Part 5, “The Slide Back to California,” contains a single chapter in which Elyse has returned home from Australia. In the time between Chapter 16 and Chapter 17, Elyse and Jonas have maintained a long-distance quasi-relationship over video and phone calls. However, as they grow closer, Elyse fears that Jonas is too good to be true, so she tries to break up with him via text in order to prevent a worse heartbreak later. In response, Jonas invites her to visit him at his home in Kansas, and her friend Tessa convinces her to accept.
In Part 6, “The Staircase to Kansas,” Elyse takes the trip to visit Jonas. In Chapter 18, she and Jonas spend time together in the basement of Jonas’s parents’ house, experiencing their first kiss. Chapter 19 replicates an entry from Elyse’s diary in which she reflects on her visit to Kansas. She has spent her life wearing masks and personas for the benefit of others, but she feels safe enough to discard these personas around Jonas. She feels that he sees who she really is, and this fact scares her because an eventual break-up will hurt far more now.
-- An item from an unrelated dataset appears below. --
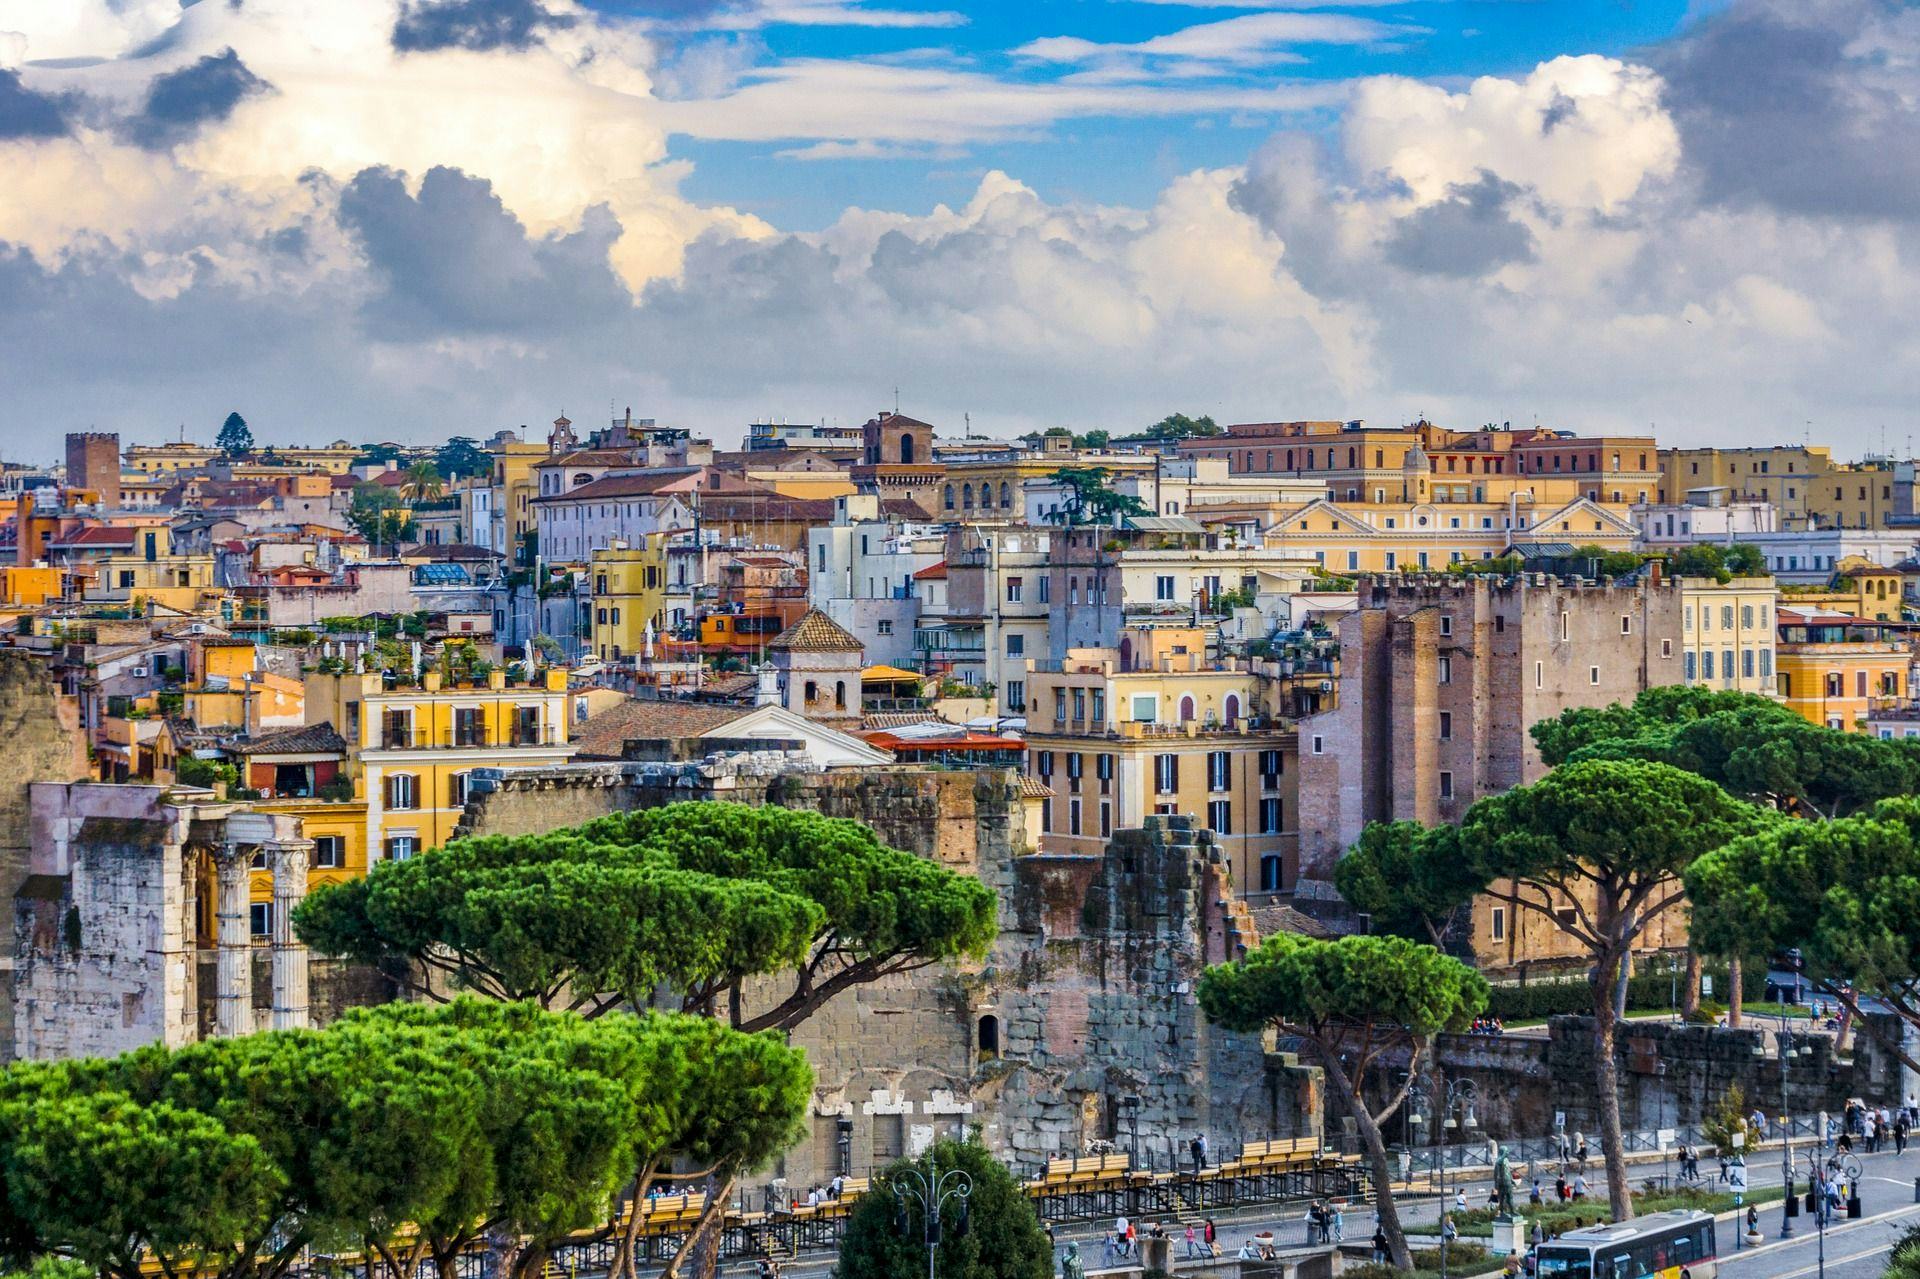 https://ghost.helloskip.com/blog/content/images/2020/08/MaxPixel.net-Rome-Houses-Vacations-Italy-Building-Travel-City-4087275.jpg

She hopes that she will always remember what it feels like to be wanted this much.
The single chapter of Part 7 is a letter titled “To whom it will never concern,” in which Elyse addresses an unnamed “you,” the ex-boyfriend of Chapters 11 and 14. She hopes that this boyfriend will be disappointed to discover that she has erased his name and identity from her stories, intending for him to be forgotten.
Part 8, “The Emergency Exit to Texas,” contains two chapters. In Chapter 20, Elyse drives 12 hours to Texas, planning to move in with Jonas. As she reaches her destination, her anxiety triggers a fight-or-flight response, and she instinctively runs from Jonas in the parking lot. She is afraid that he will decide he no longer likes her, but Jonas reassures her that he loves her and has imagined being with her ever since their first meeting in the grocery store. In the final chapter, Elyse describes her efforts to write a novel about a girl named Cynthia. She belatedly realizes that Cynthia represents her efforts to escape herself, an endeavor that she now admits is futile. She now hopes to make a home with Jonas and learn how to stay in one place.